**Dataset section**
##########
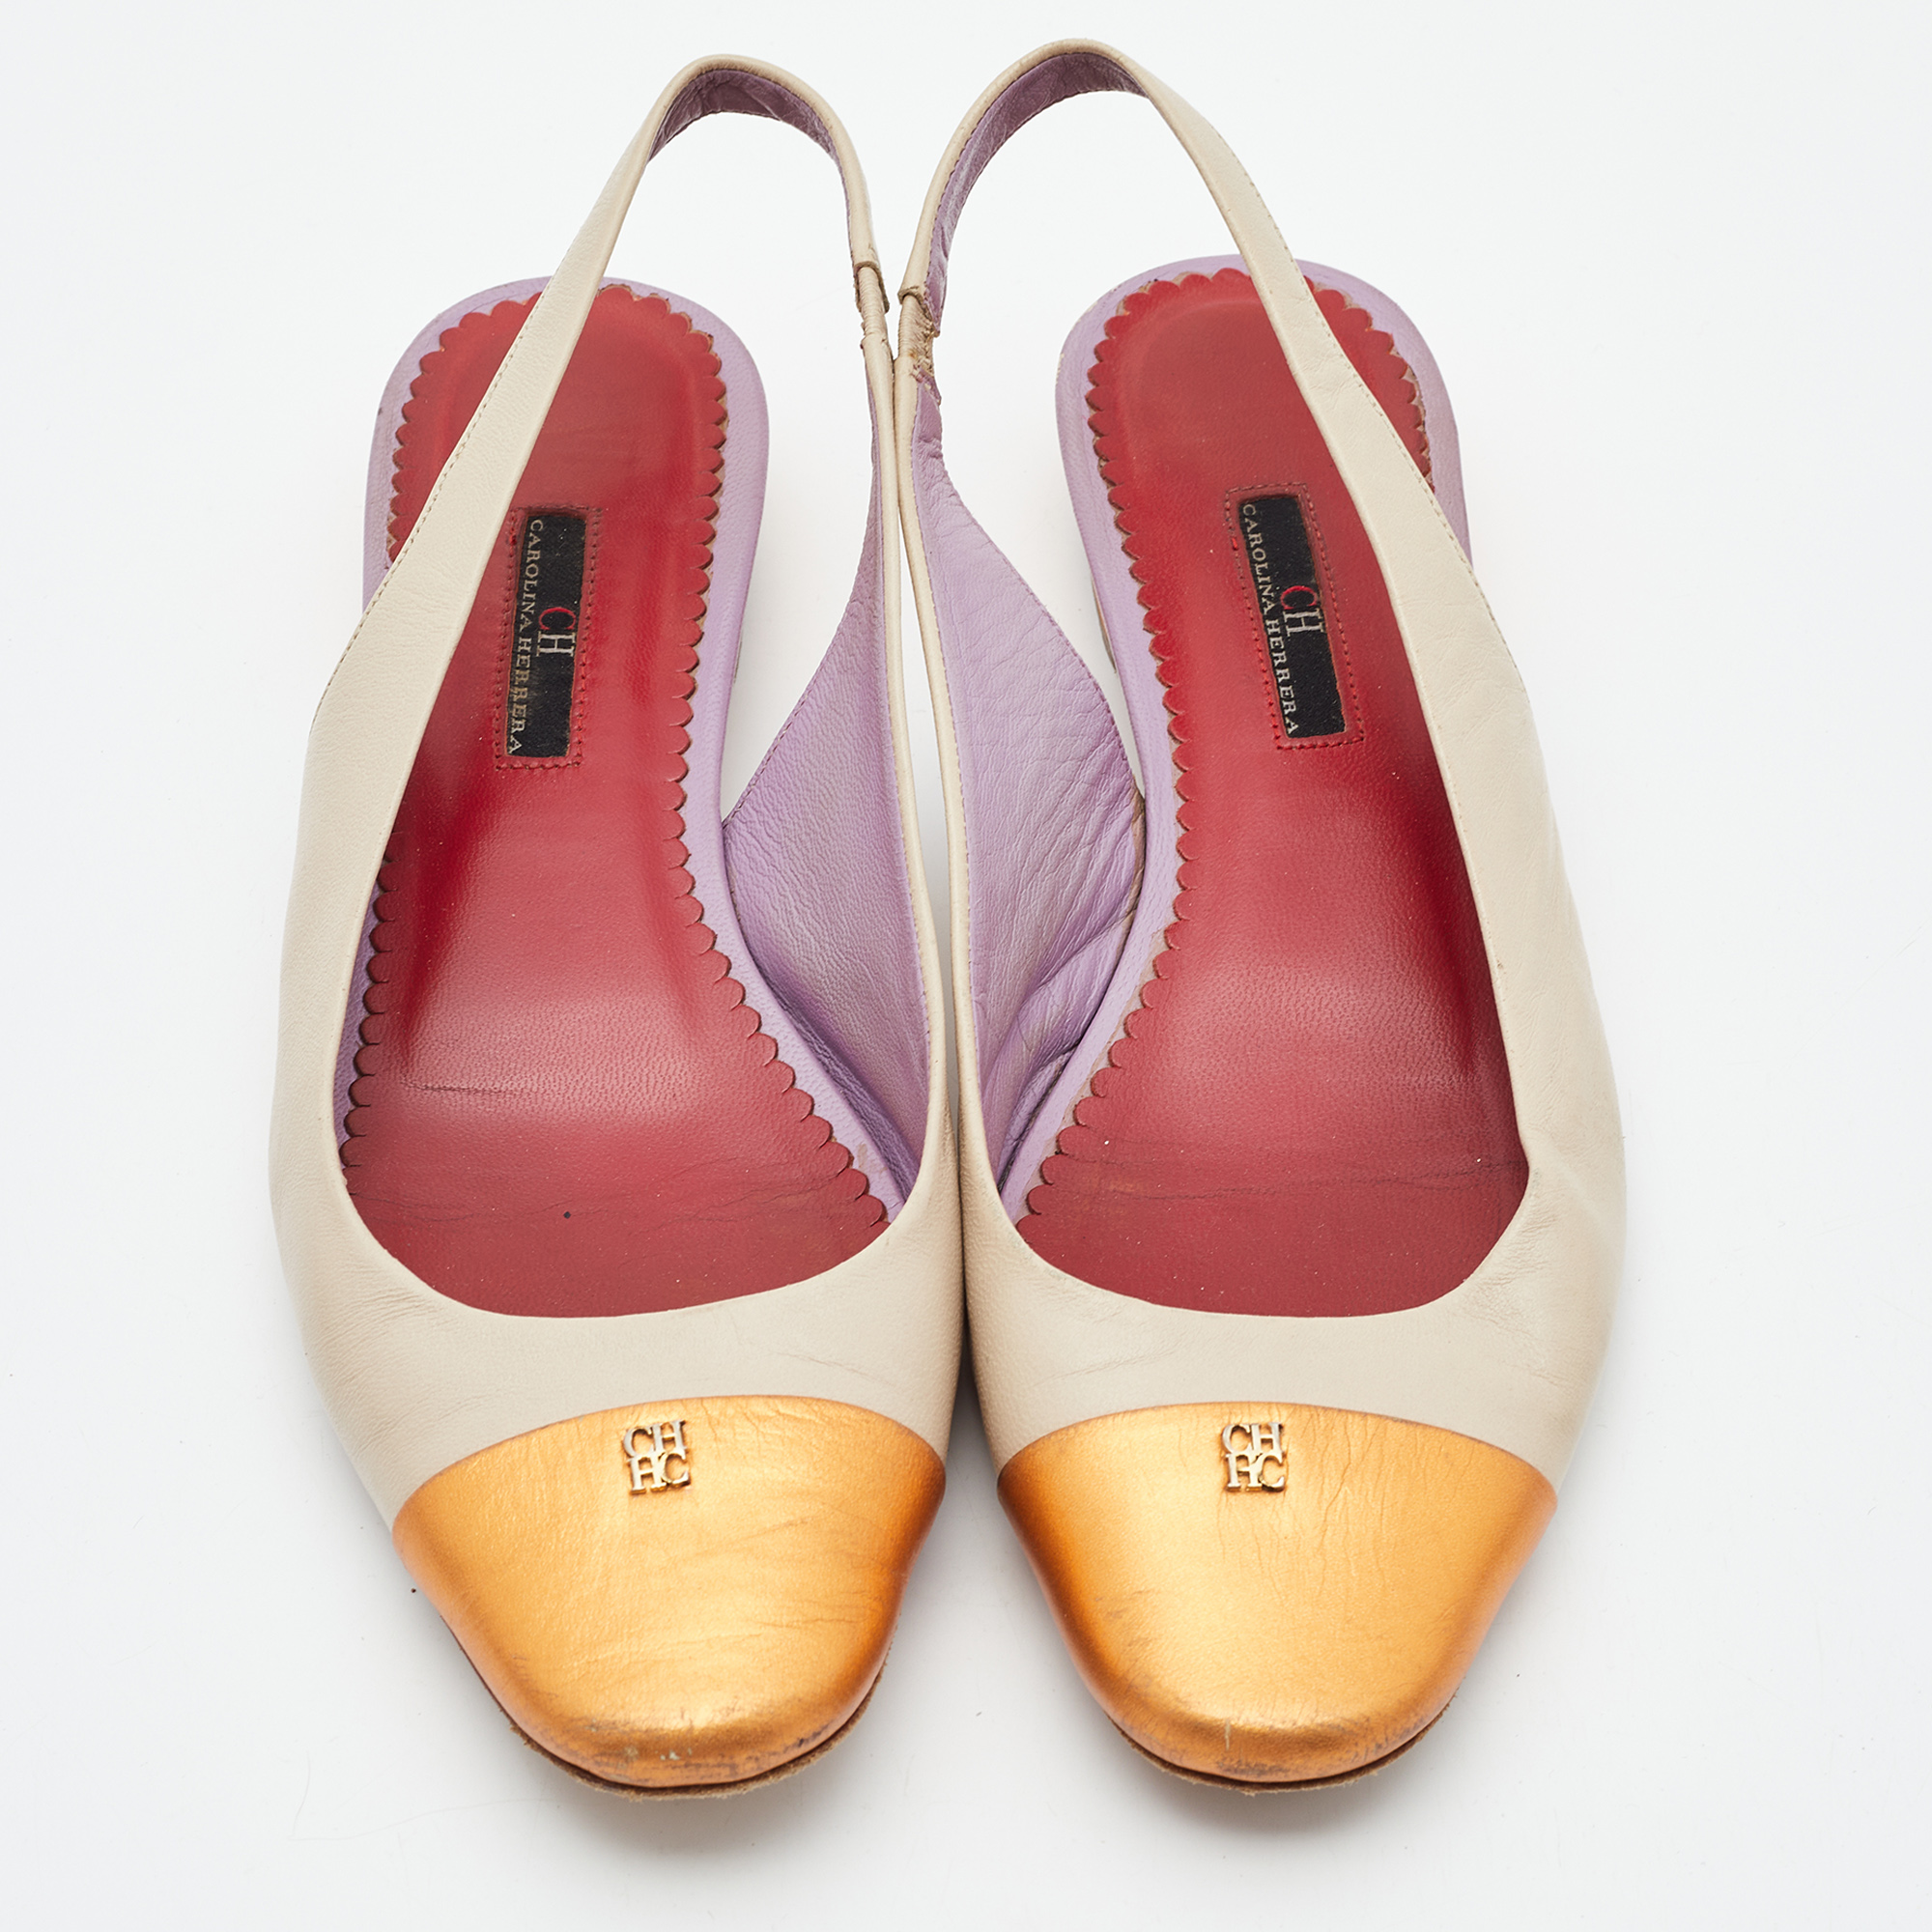 CH Carolina Herrera Cream/Orange Leather Round Toe Slingback Pumps Size 39
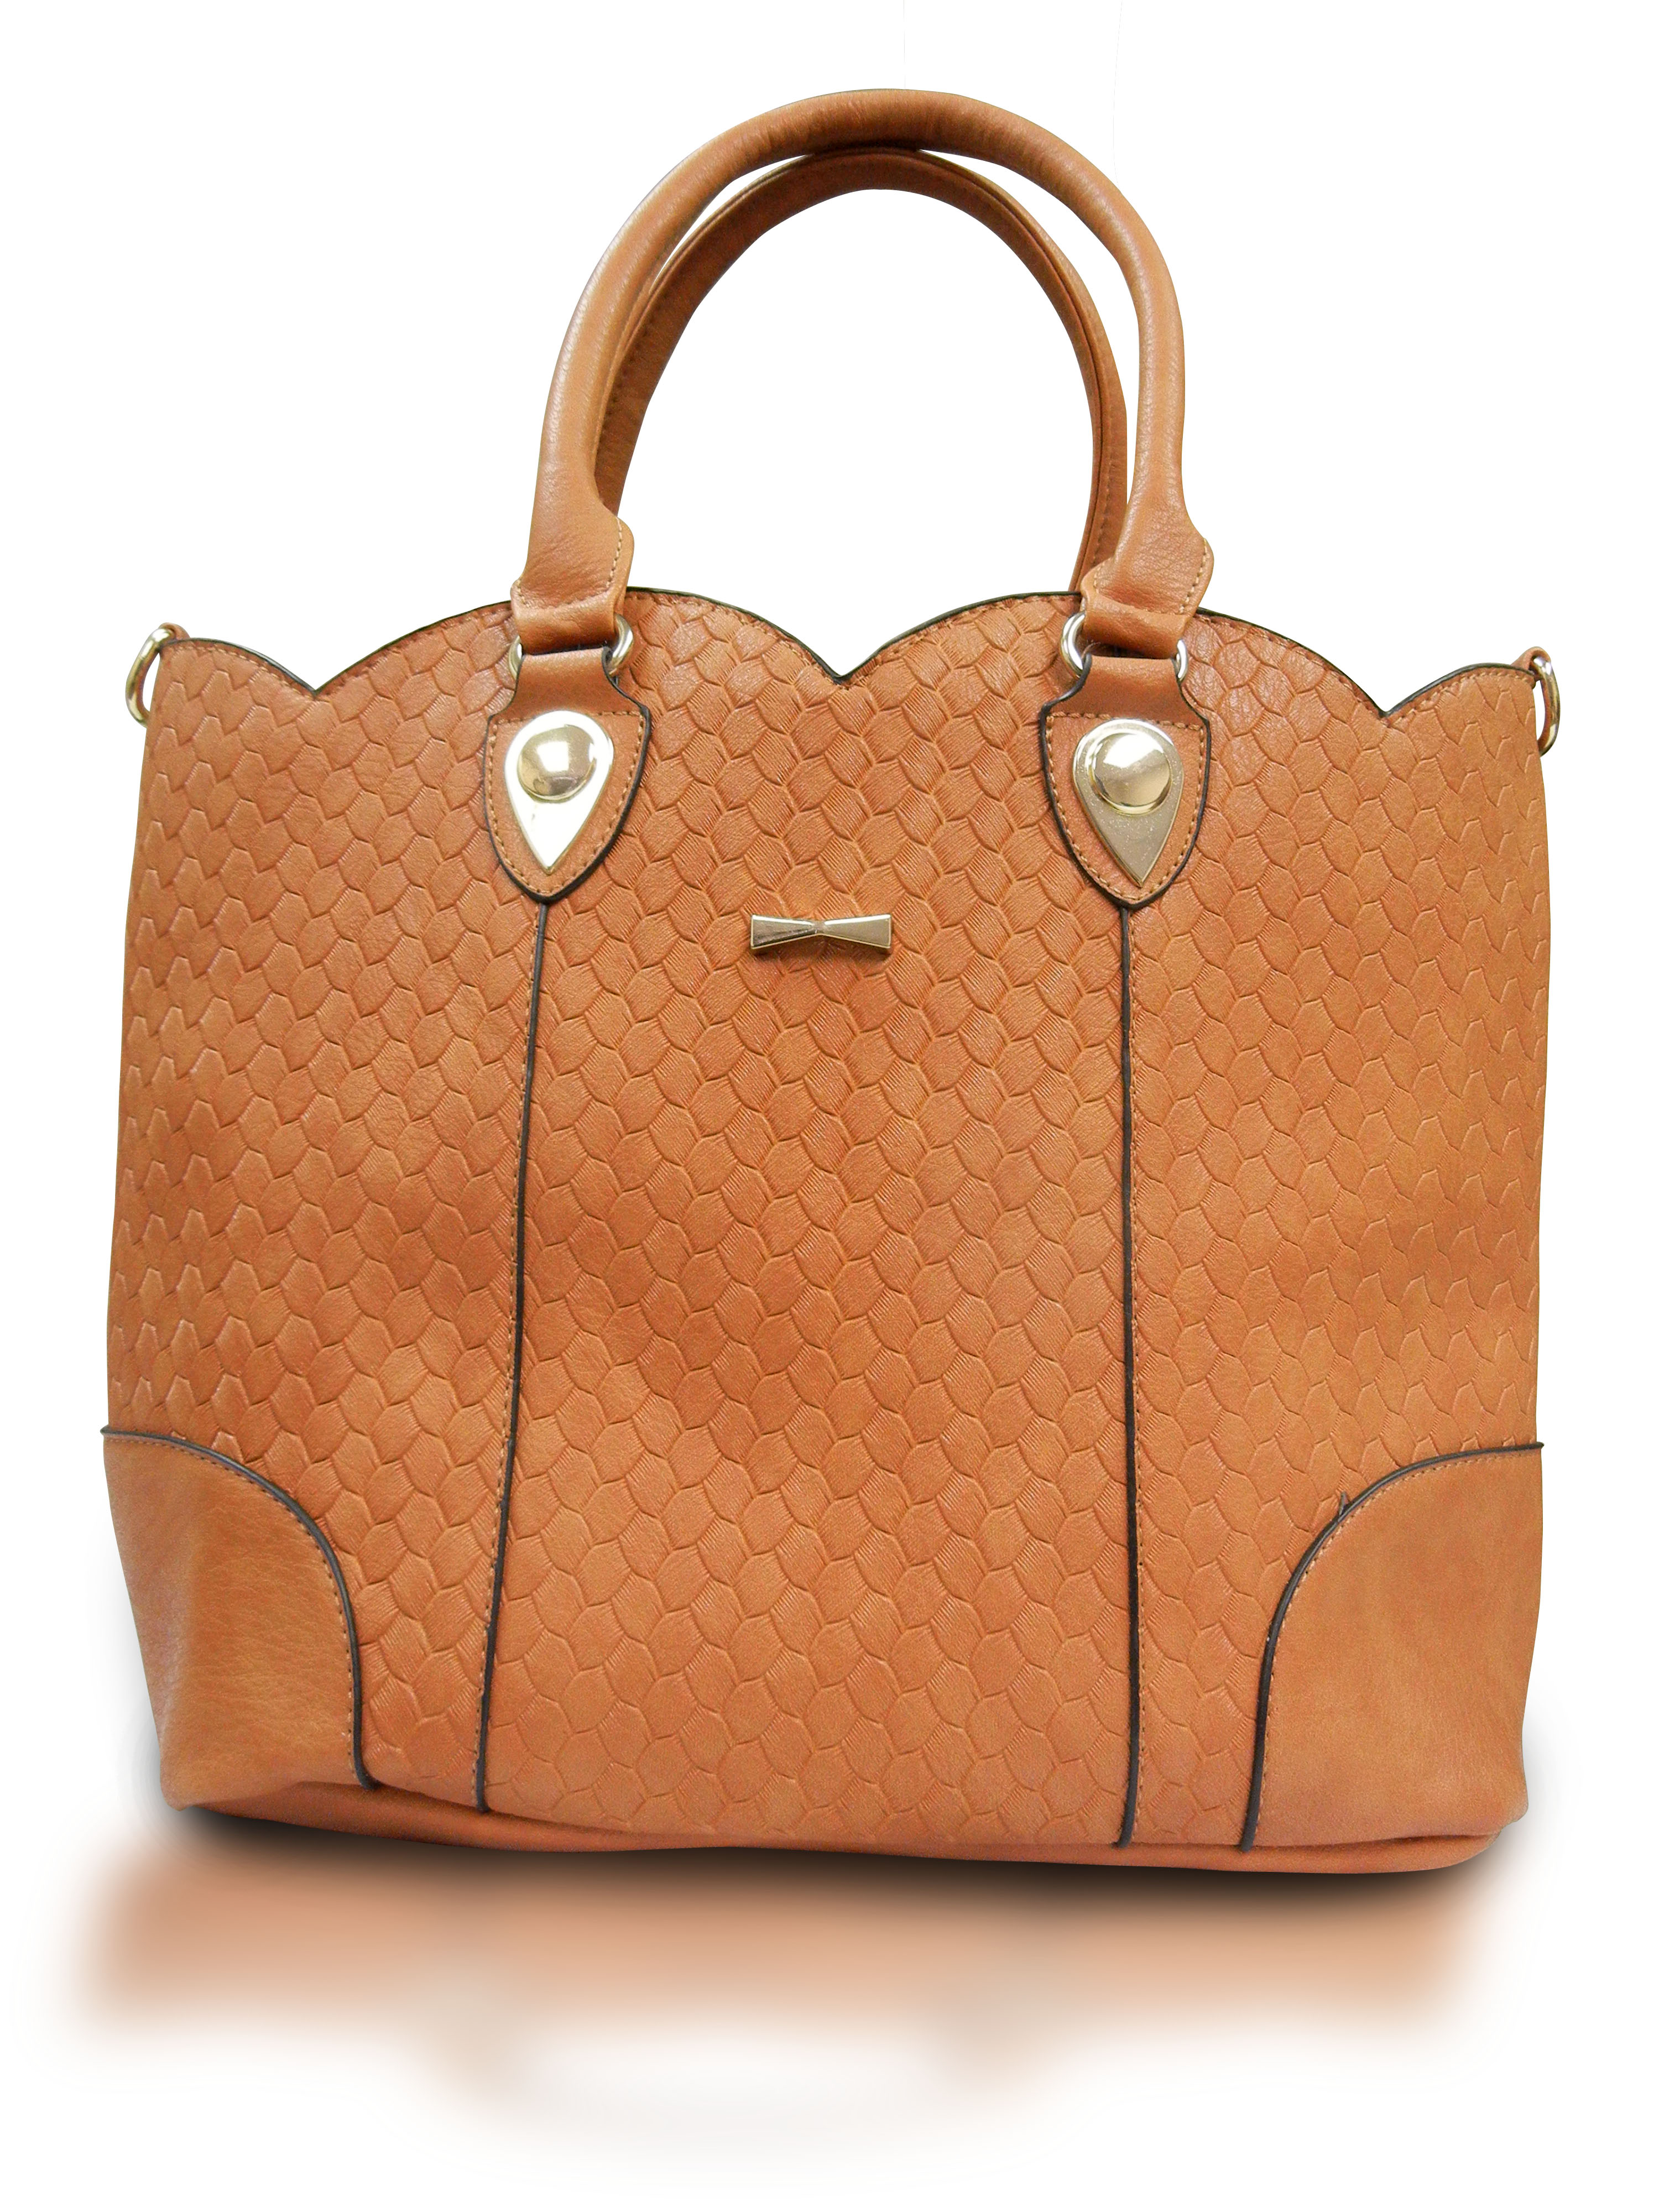 Large Ladies Handbag with removable straps,Tan, Camel color,
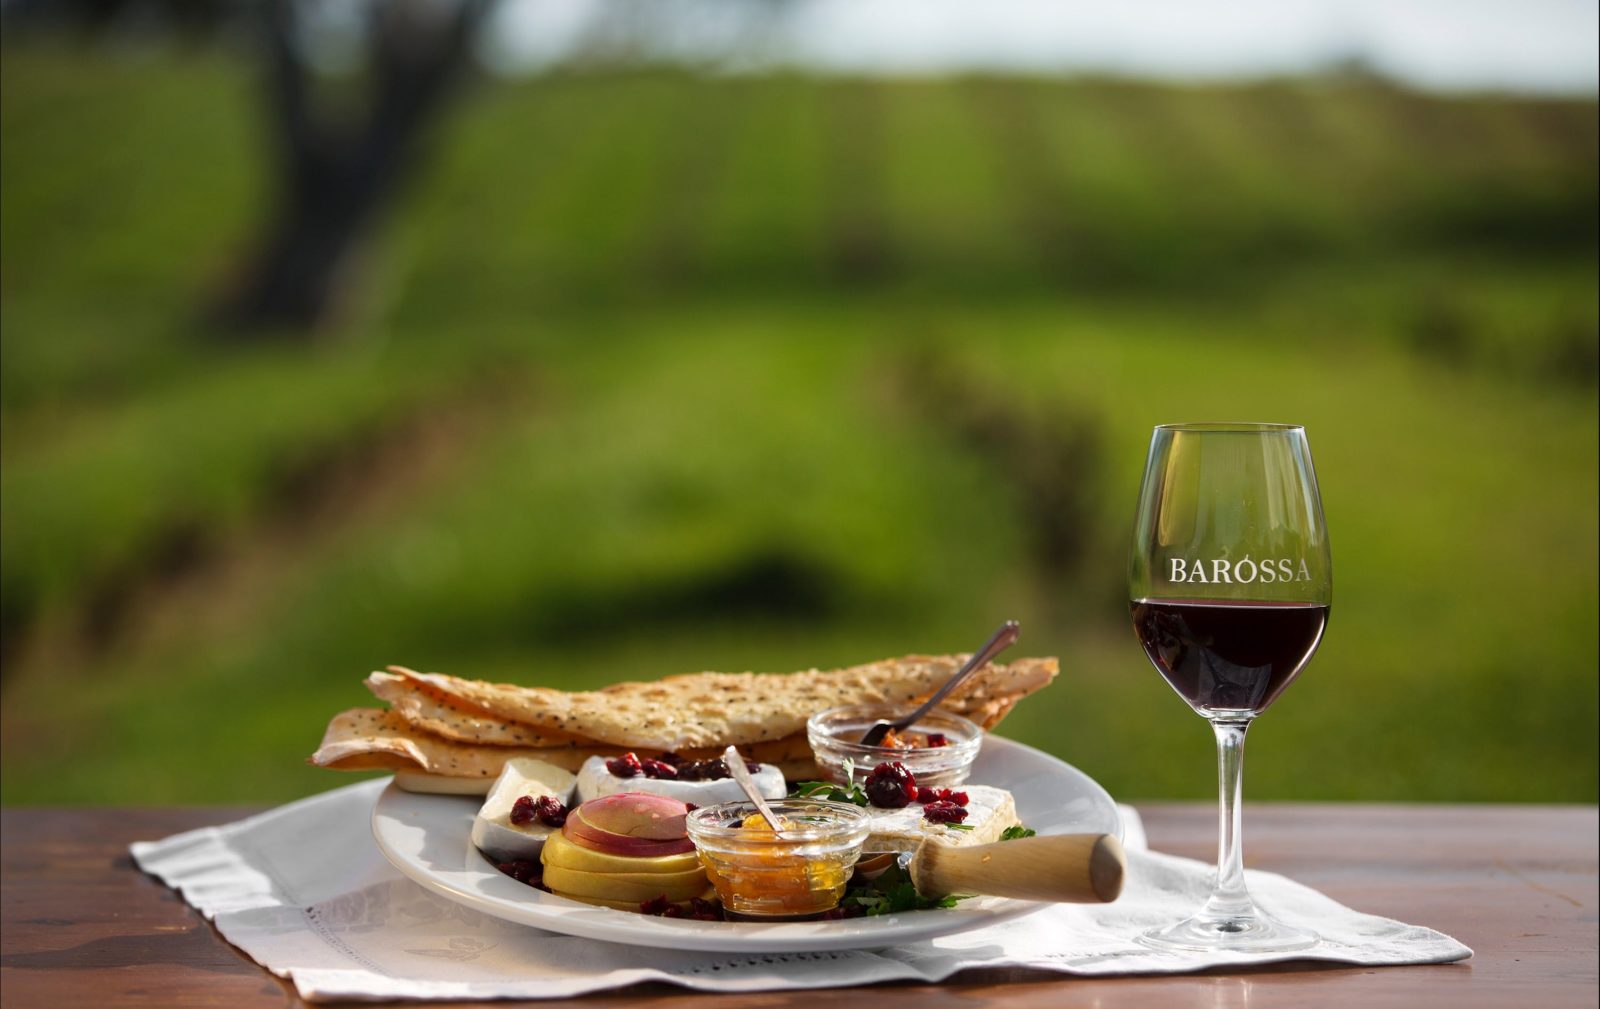 Barossa wine and food
##########
**What is required**
Return the listing verbatim, pictures excluded.

**Solution to the exercise**
 CH Carolina Herrera Cream/Orange Leather Round Toe Slingback Pumps Size 39
 Large Ladies Handbag with removable straps,Tan, Camel color,
 Barossa wine and food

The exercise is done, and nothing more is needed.